ECLI:NL:HR:2000:AA4428
Hoge Raad
- Cassatie
- A. Mijnssen
- J. Heemskerk
- F. Fleers
- A. de Savornin Lohman
- W. Hammerstein
- Rechtspraak.nl
Vernietiging beschikking voorlopige machtiging tot voortzetting van verblijf in psychiatrisch ziekenhuis
In deze zaak heeft de Hoge Raad op 21 januari 2000 uitspraak gedaan over een cassatieverzoek van verzoekster, die in een psychiatrisch ziekenhuis was opgenomen. De Officier van Justitie had op 23 juli 1999 een vordering ingediend bij de Rechtbank 's-Hertogenbosch voor een voorlopige machtiging om het verblijf van verzoekster in het ziekenhuis te verlengen. De Rechtbank verleende deze machtiging op 9 augustus 1999, na het horen van verzoekster, haar advocaat, de behandelend arts en haar kinderen. Verzoekster ging in cassatie tegen deze beschikking, waarbij de Advocaat-Generaal Hartkamp adviseerde tot vernietiging van de beschikking en verwijzing van de zaak voor verdere behandeling.
De Hoge Raad oordeelde dat de geneeskundige verklaring die aan de vordering was gehecht, niet rechtsgeldig was omdat deze niet was ondertekend door de geneesheer-directeur van het ziekenhuis, zoals vereist door de Wet bijzondere opnemingen in psychiatrische ziekenhuizen (Bopz). De Rechtbank had het bezwaar van verzoekster dat de verklaring niet door een bevoegde was ondertekend, ten onrechte gepasseerd. De Hoge Raad benadrukte dat de verantwoordelijkheid voor de inhoud van de verklaring bij de geneesheer-directeur ligt en dat deze niet kan worden gedelegeerd aan anderen. De Hoge Raad vernietigde daarom de beschikking van de Rechtbank en verwees de zaak terug voor verdere behandeling.

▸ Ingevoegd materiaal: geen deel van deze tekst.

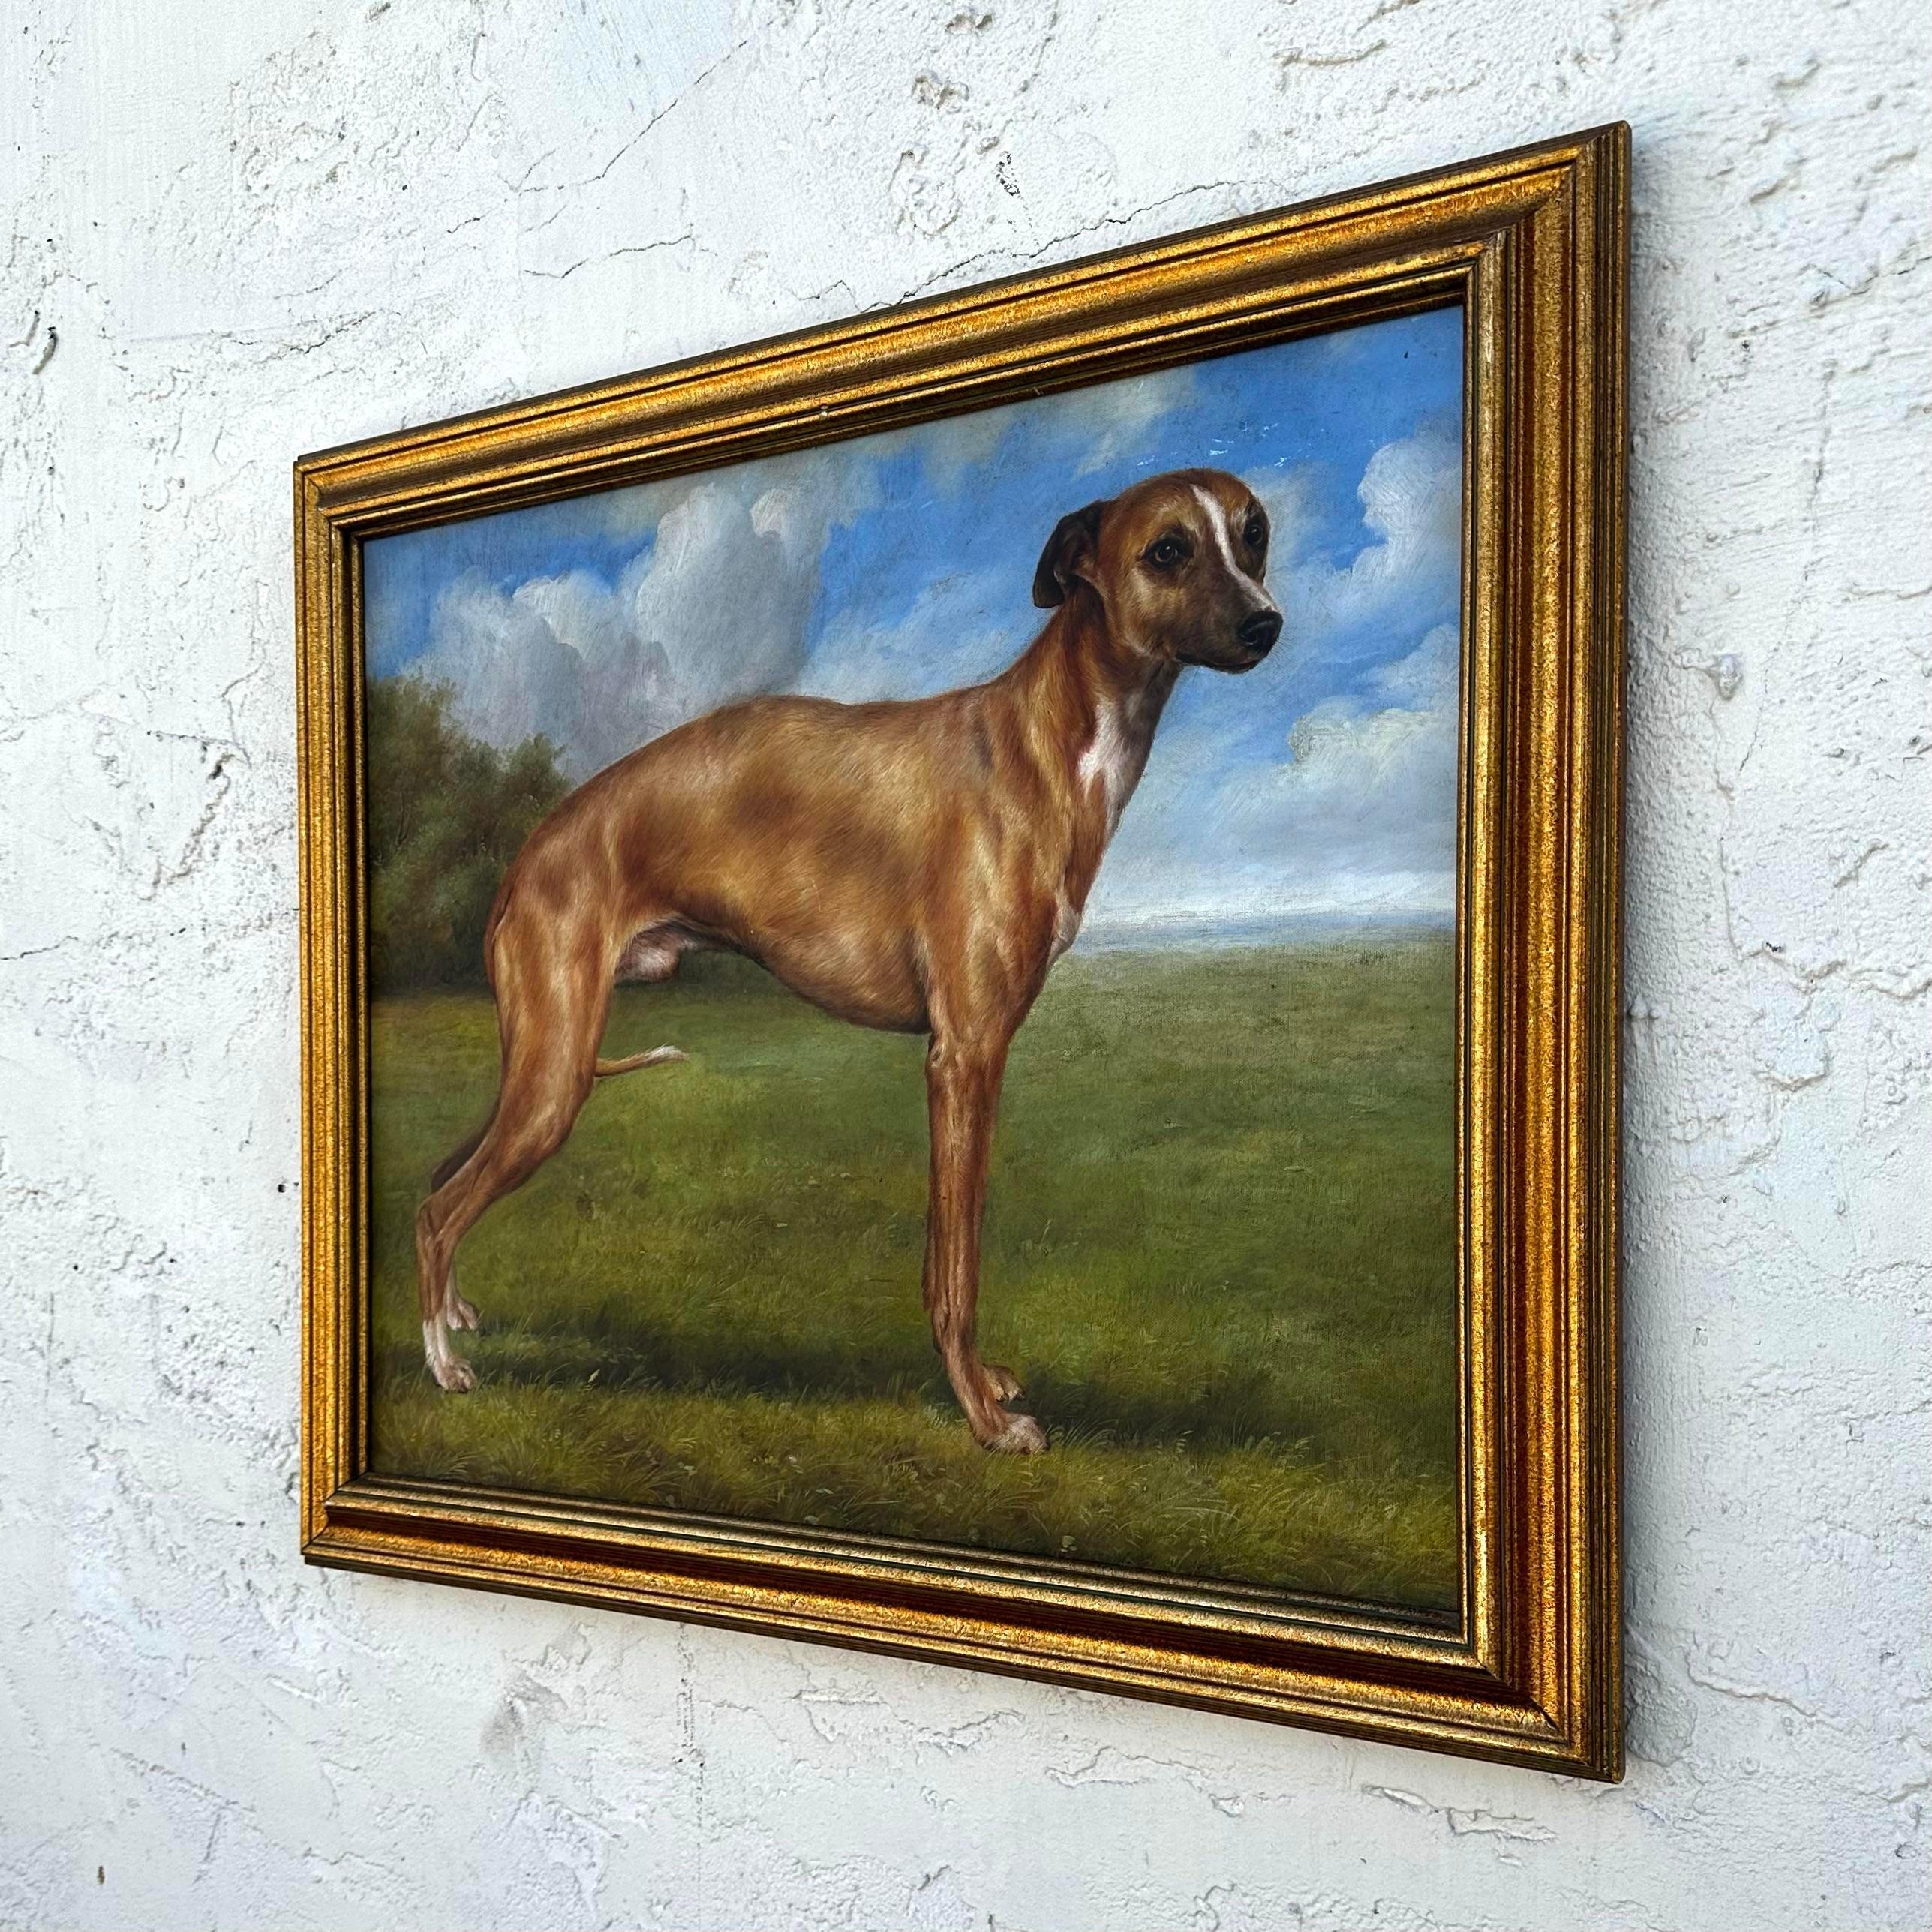 American Classical Mid 20th Century Vintage Boho Portrait on Dog on Canvas, Framed For Sale

Deze uitspraak onderstreept het belang van de juiste procedurele waarborgen in zaken die betrekking hebben op de vrijheidsbeneming van personen in psychiatrische instellingen. De Hoge Raad bevestigde dat de eisen van de Bopz strikt moeten worden nageleefd om de rechten van de betrokkenen te waarborgen.